Alors que le résultat d’un traitement technique de l’information est définitif : l’information traitée peut donner lieu à des traitements ultérieurs différents, mais la logique d’un traitement ne s’ajuste pas aux informations entrées. C’est pourquoi un traitement technique de l’information nécessite un « domaine de validité » de cette information qui doit être formatée d’une certaine façon, qui doit couvrir un périmètre donné (notamment pour les informations numériques) alors qu’il n’y a pas de « domaine de validité » dans le traitement de la signification par le cerveau.

- Enfin, la construction du sens dépend fortement du contexte général dans lequel sont plongés les signes en cours d’interprétation. Le test du B/13 de Bruner et Minturn (1955) constitue une excellente démonstration de cette contextualisation : présentée rapidement, une forme ambiguë (Figure 19), tenant graphiquement du B et du 13 sera interprétée comme le chiffre 13 si on l’encadre d’un 12 et d’un 14, alors qu’elle sera interprétée comme la lettre B si on la présente précédée d’un A et suivie d’un C. L’ambiguïté de la figure n'apparaît au sujet testé que lorsque les deux contextes sont présentés simultanément. Le contexte d’information, quant à lui, n’influence pas un traitement technique, une donnée y est considérée comme élément d'un ensemble prédéfini, non à partir d’un contexte qui la catégorise.

Figure 19 : test de Bruner (Roulin 1998: 140)

En fait, toutes les conditions préalables à la construction du sens, à savoir ce qui fait qu’un élément sera considéré comme signe, conditions dont nous venons de voir l’extrême mobilité, ont dû être prédéfinies par les concepteurs de l’appareil

d’acquisition pour qu’un traitement technique puisse s’effectuer. Il n'y a donc pas de place pour le point de vue dans un traitement technique.

On peut considérer en revanche qu’un traitement technique de l’information est la délégation d’un traitement de sens. En effet, les concepteurs ont dû définir la relation signifiante qui relie les données au résultat de leur traitement, mais, ce faisant, ils ont fossilisé les processus cognitifs dans des formes fixes : un programme est incapable de prendre une décision qui n'est pas, d'une façon ou d'une autre, préprogrammée, même si cette programmation est réalisée sous une forme obscure pour le programmeur comme ce peut être le cas dans les programmes d'intelligence artificielle qui mettent en œuvre des réseaux de neurones formels.

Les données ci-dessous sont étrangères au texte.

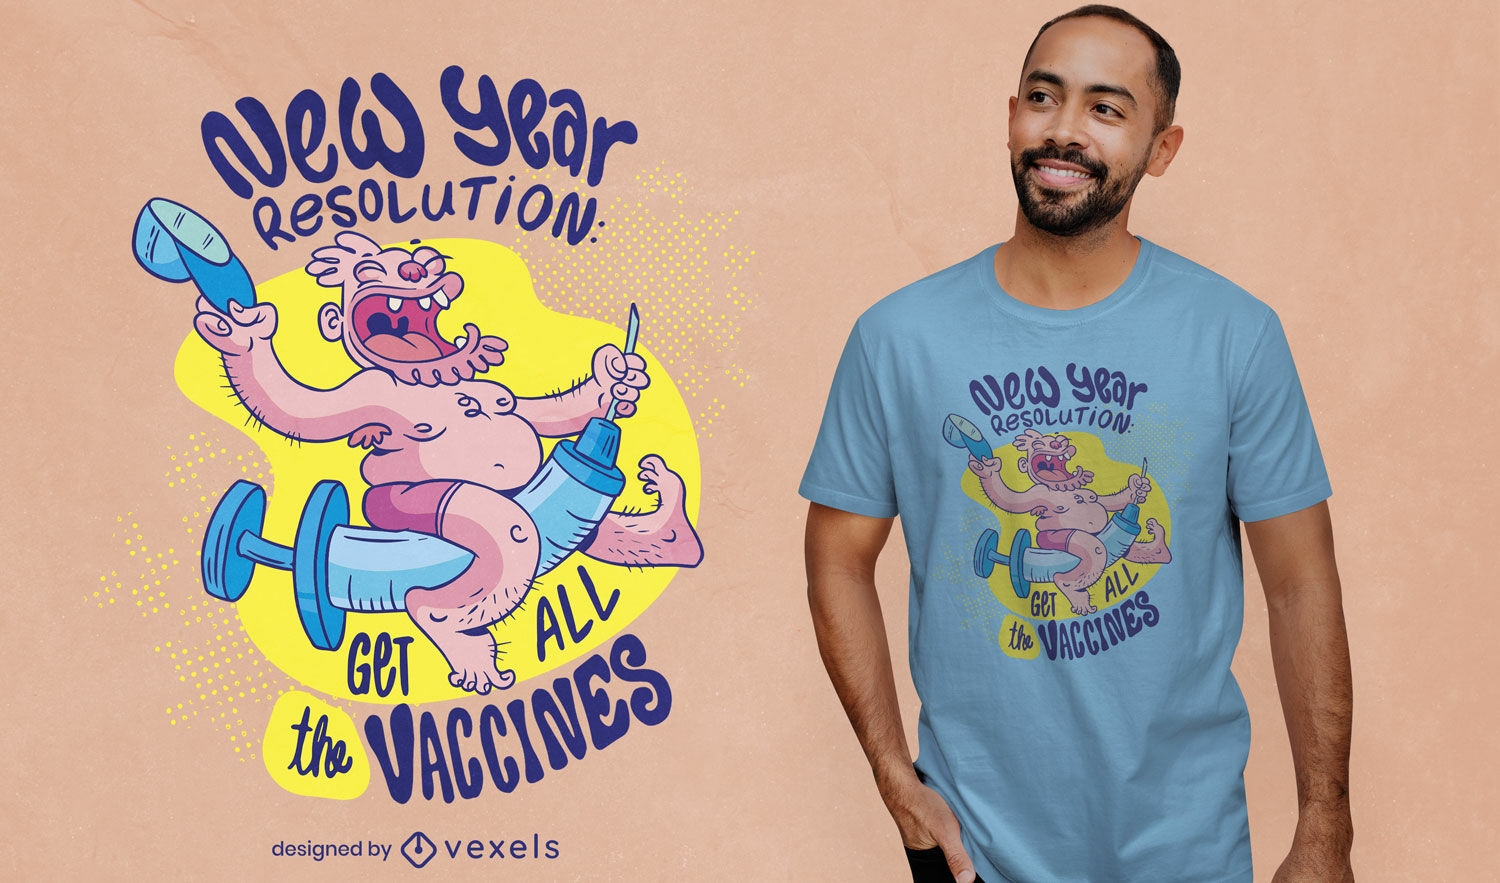 Vaccine new year resolution t-shirt design

Ces différences nous incitent donc, au contraire de la tendance post-humaine, à opter pour une cognition incarnée et à nous ranger du côté de l'interprétation de l'intelligence artificielle que donnait Turing en 1950 et qui est à l'origine même de la littérature numérique : l'intelligence artificielle a pour objet une simulation des productions de l'intelligence humaine et non de ses processus. En clair, l'intelligence artificielle ainsi comprise fonctionne sur le mode du leurre, ce que montre clairement le test de Turing (1950) : si la machine passe le test de Turing, et est donc considérée comme "intelligence" au regard du résultat de ce test, c'est parce que sa production "ressemble à s'y méprendre" à une production de l'intelligence humaine. Le test de Turing constitue donc un simulacre d'intelligence, c'est-à-dire qu'il en simule le produit créatif, non le processus créatif. Il ne s'agit dès lors plus vraiment d'intelligence mais de performance. : " Le test de Turing vaut d’abord par le but empirique qu’il assigne à l’IA – faire que la machine rivalise par ses performances avec l’humain dans différents registres réputés requérir de l’intelligence." (Marquis et all, 2012)

Même si la recherche en intelligence artificielle, après Turing, s'est orientée vers la simulation des processus cognitifs, notamment selon la voie connexionniste impulsée par le modèle des réseaux de neurones formels de McCulloch et Pitts (Lettvin et all, 1959), il n'en demeure pas moins qu'aujourd'hui, les objets avancés en intelligence artificielle sont des objets purement logiciels et sont de toute façon très éloignés des objets technologiques qui produisent les productions numériques auxquelles nous nous intéressons. Il n'est pas non plus prouvé que le modèle post-humain sera pertinent en ce

qui concerne la question de l'interprétation si demain la machine s'intègre davantage au corps humain.